Up until this ban, new offerings had pegged to established cryptocurrencies such as Bitcoin, and this allowed public retail investment through ICOs, with the requirement of having existing digital wallets available. The coins would subsequently then be traded on foreign exchange websites, with broader participation after ICOs were completed.
China had already banned ICOs and cryptocurrency exchanges in September, but trading by individuals continued to remain a cloudy point of contention with numerous businessmen relocating to Japan or Hong Kong, while still retaining the ability to acquire funds from mainland investors.
Further Banning of All Crypto Related Accounts and Events
Continuing the Chinese government’s crusade against all things crypto related, it was announced in August; officials had shut down some blockchain related news accounts on the WeChat social app, and also forbid hotels in downtown Beijing from hosting promotional events relating to cryptocurrency in a refreshed clampdown on all digital asset activities.
A document released by the Chaoyang District government in Beijing shows the ordering to close offices and hotels from carrying out crypto related events by the local financial authorities and police.
Numerous blockchain and cryptocurrency orientated online media publications discovered that their official public accounts on WeChat were blocked due to violations of new regulations from the Cyberspace Administration of China, which demand content providers within chat apps be compliant with national interests and public orders.
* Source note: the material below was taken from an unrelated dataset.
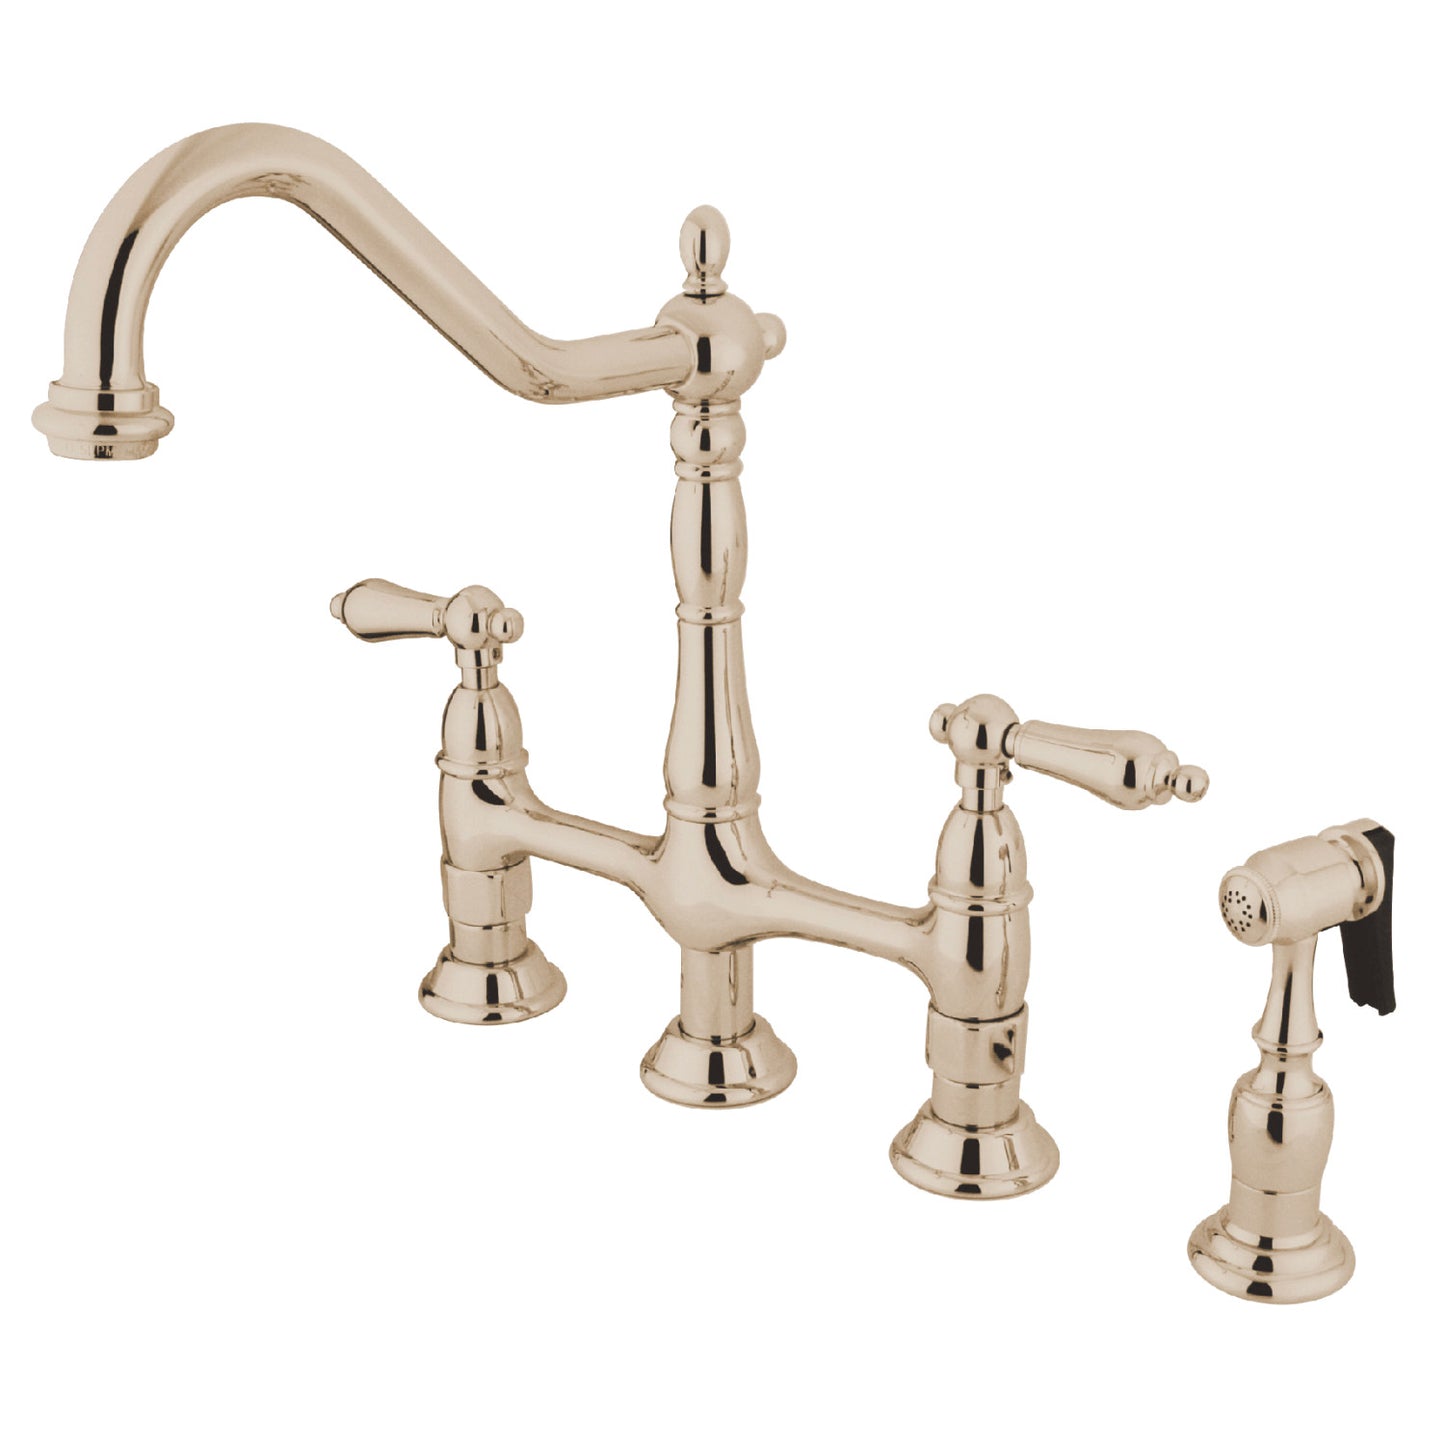 Lever Handles Bridge Kitchen Faucet with Side Spray

Blockchain media outlets played an essential role in providing specific, timely information regarding cryptocurrency prices and reviews on blockchain-related projects, despite the on-going cryptocurrency ban. Like the majority of Chinese news services, these platforms fundamentally required WeChat to engage with audiences outside of their apps and websites. Some of the most popular blockchain news platforms such as Huobi News and Jinse Caijing were blocked as part of the crackdown.